I chose the formula of a herald of antiquity not because it is Greek (for no one could accuse me of Hellenomania), but because it introduces a “will” without which this particular kind of politics—one kind among many others—oriented toward the debate of public affairs, could neither be instituted nor expand and develop. To have a place reserved for the discussion of affairs that are common to individuals who are naturally different and spontaneously unequal may seem a strange idea. “The will to assemble together” appears to impose itself progressively through the adoption of practices and a kind of setting that reveal to the group something like the beginnings of sovereignty, {91|92} sovereignty for the group over itself.
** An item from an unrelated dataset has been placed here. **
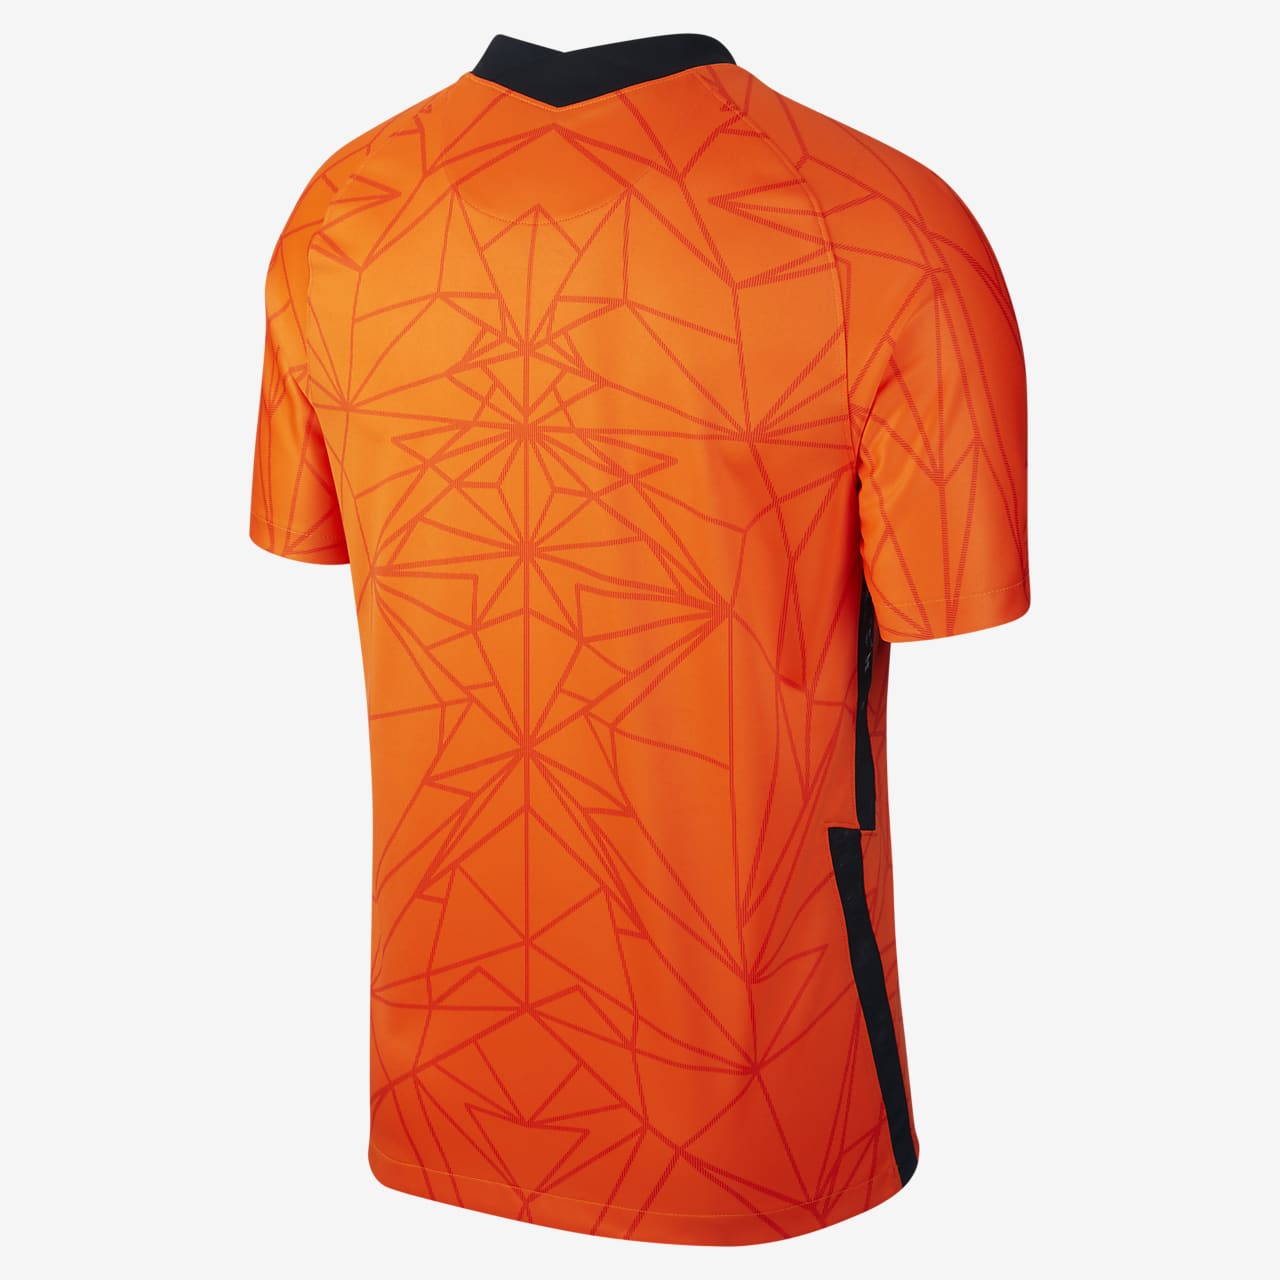 Nike公式 オランダ スタジアム ホーム メンズ サッカーユニフォーム オンラインストア 通販サイト

For the people engaged in this work—work that is quite taxing—to discuss affairs said to concern all, to speak of what is felt and recognized to be most essential to the group, involves their finding new representations, which they do by all adopting particular practices and making use of convergent symbolisms.

A place for politics or a place of equality in the making may seem pretty unremarkable. Let us pick out a few groups at random: secular canons were expected to discuss common affairs together three times a week. They elaborated a fair system of remuneration to compensate for the considerable inequalities between them. But the universitas, the name for “whatever was common” to these secular clergy, was strengthened by the choice of a central meeting place such as the bell-tower or a particular hall that could be used by the citizens and townsfolk. The universitas of the canons included a coffer for the storage of archives and a seal that conferred a measure of authority. The Cossacks, whether from Zaporozhye or from the area of the Don, certainly did not meet two or three times a week, but they observed a far stricter equality that initially covered every domain of activity: warfare, hunting, fishing, and the cultivation of the land. The “community” (tovaristvo, in Ukrainian) was present here. It existed not only when all the Cossacks formed a circle several ranks deep in the main square, but also when the mace of the military leader, the seal of the judges, and the great silver inkwell of the secretary were deposited at the center of the assembly. To represent and symbolize “that which is common,” the earliest Greek cities had the idea, not of money or a sacrificial altar, but of a public hearth in the guise of Hestia, a common hearth corresponding to the Romans’ Vesta. This embodied the idea of a united city in the place where the magistrates in charge of common affairs congregated every day. In medieval Japan, the meetings of Buddhist monks took a different form. The assembly was preceded by an oath of union and harmony. Each man present was in duty bound to tell the whole community all that concerned “each and every one of them,” and an assembly that regarded itself as unanimous considered that its decisions and judgments were passed with the gods as witnesses.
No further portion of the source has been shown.